- University: University of Pittsburgh
- Head coach: Alonzo Webb
- Conference: ACC
- Location: Pittsburgh, Pennsylvania
- Outdoor track: Fitzgerald Field House
- Nickname: Panthers
- Colors: Blue and gold

= Pittsburgh Panthers track and field =

College track and field team

The Pittsburgh Panthers track and field team is the track and field program that represents University of Pittsburgh. The Panthers compete in NCAA Division I as a member of the Atlantic Coast Conference. The team is based in Pittsburgh, Pennsylvania at the Fitzgerald Field House.

The program is coached by Alonzo Webb.
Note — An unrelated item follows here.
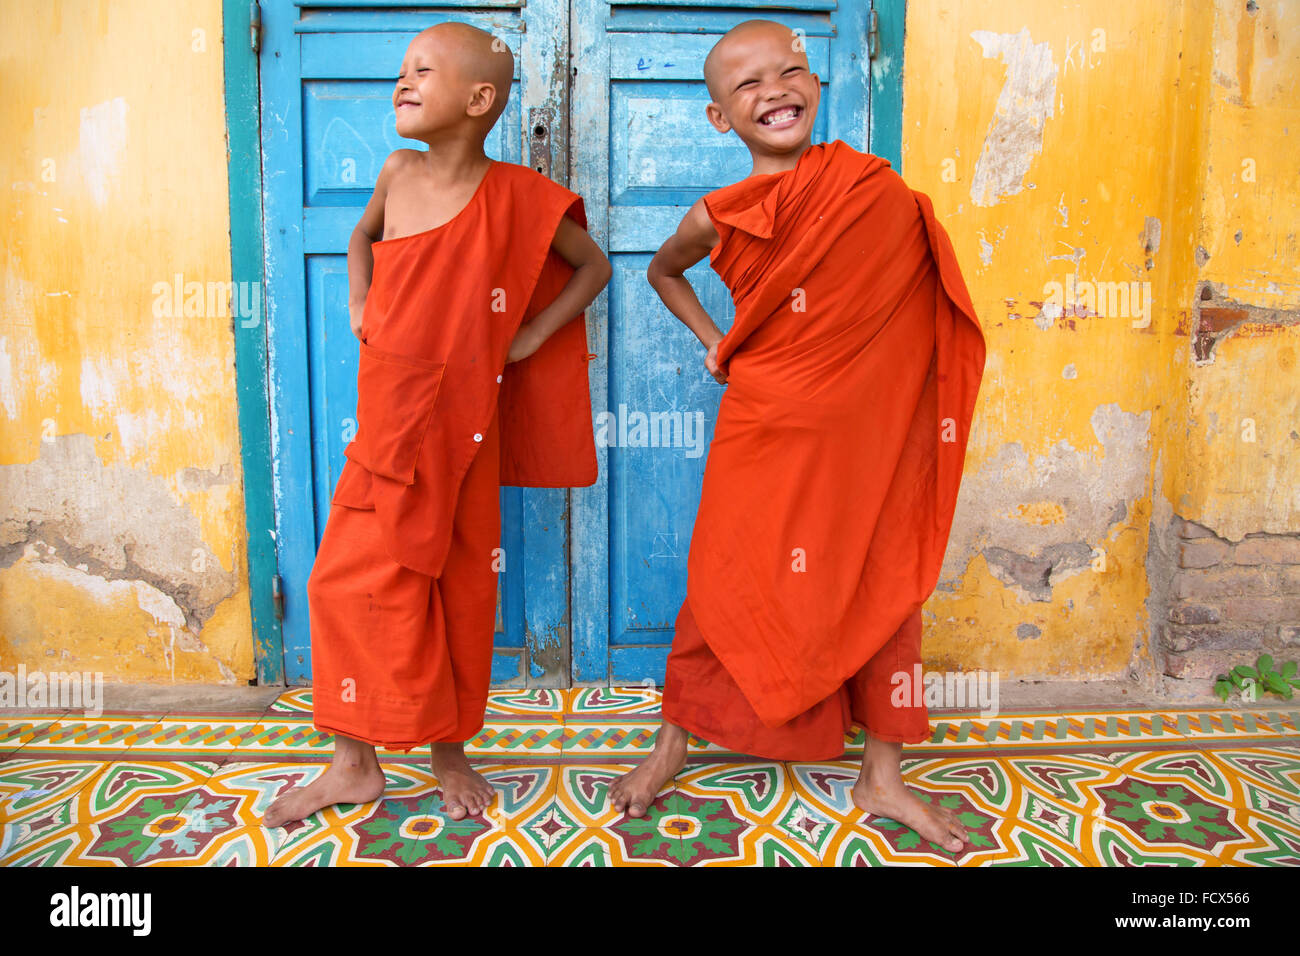 Buddhist monks having fun at the monastery in Battambang, Cambodia Stock Photo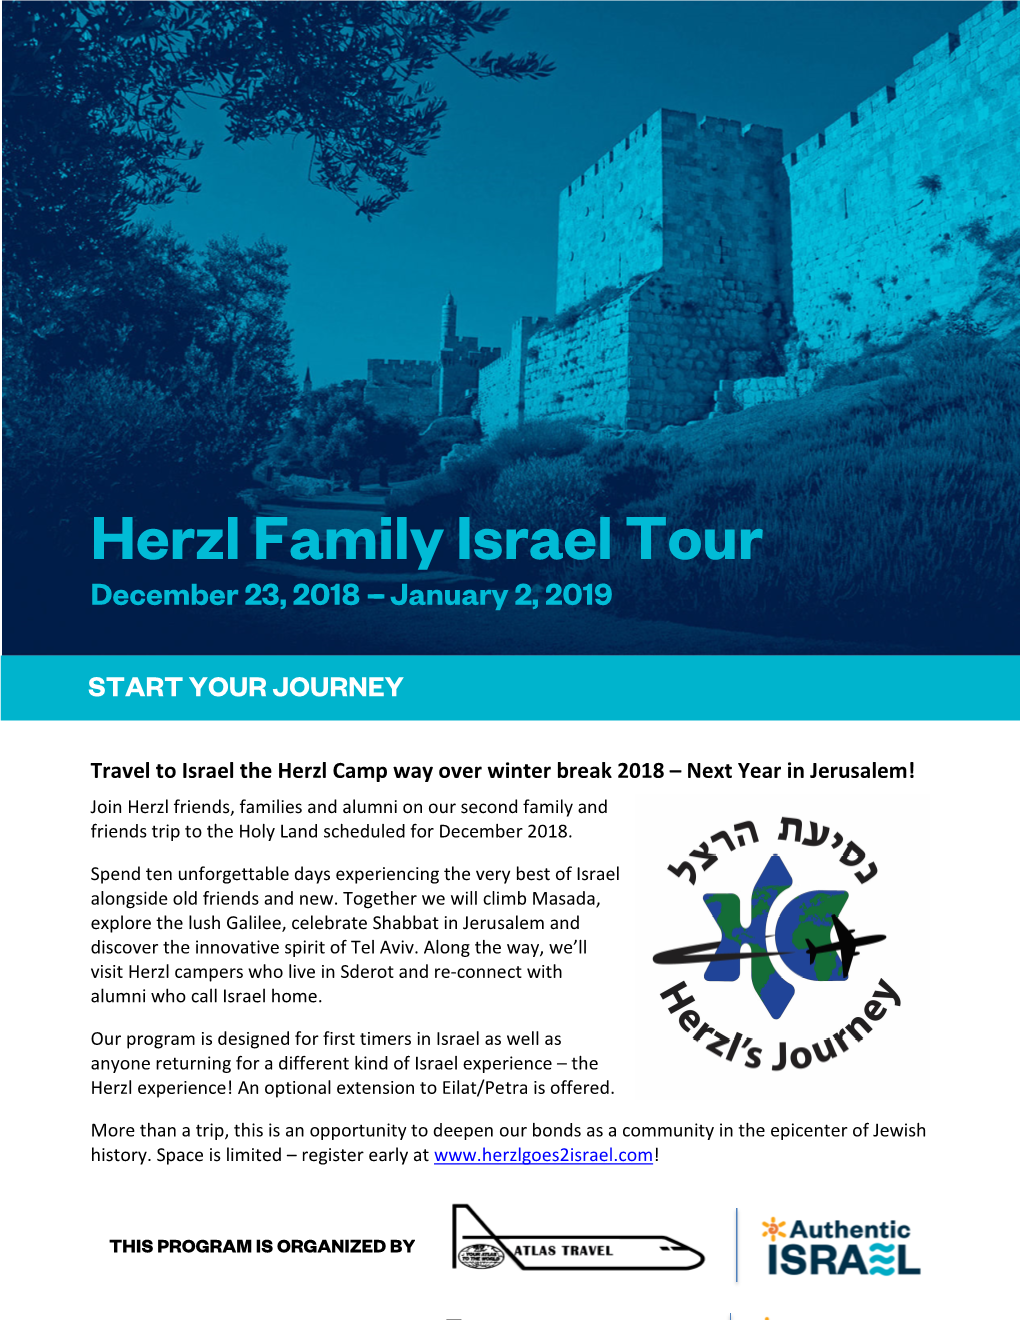 Herzl Family Israel Tour December 23, 2018 --- January 2, 2019

The track and field program officially encompasses four teams because the NCAA considers men's and women's indoor track and field and outdoor track and field as separate sports.

Ever since Pitt Stadium was destroyed in 1999, the Pitt track and field team has not had an outdoor track facility to train on, unusual amongst NCAA Division I track teams. Nonetheless, students train indoors at the Fitzgerald Field House and there are plans to build an additional 300 m indoor track facility.

Pitt's track and field team has been said to have the most lasting success and impact among all of the Pittsburgh Panthers sports teams. John Woodruff went on to win the gold medal at the 1936 Olympic 800 m.

==Postseason==
===AIAW===
The Panthers have had 2 AIAW All-Americans finishing in the top six at the AIAW indoor or outdoor championships.

AIAW All-Americans
| Championships | Name | Event | Place |
| 1976 Outdoor | Marie Ribik | High jump | 4th |
| 1981 Outdoor | Gwen Murray | 400 meters | 5th |

===NCAA===
As of 2024, a total of 46 men and 16 women have achieved individual first-team All-American status at the Division I men's outdoor, women's outdoor, men's indoor, or women's indoor national championships.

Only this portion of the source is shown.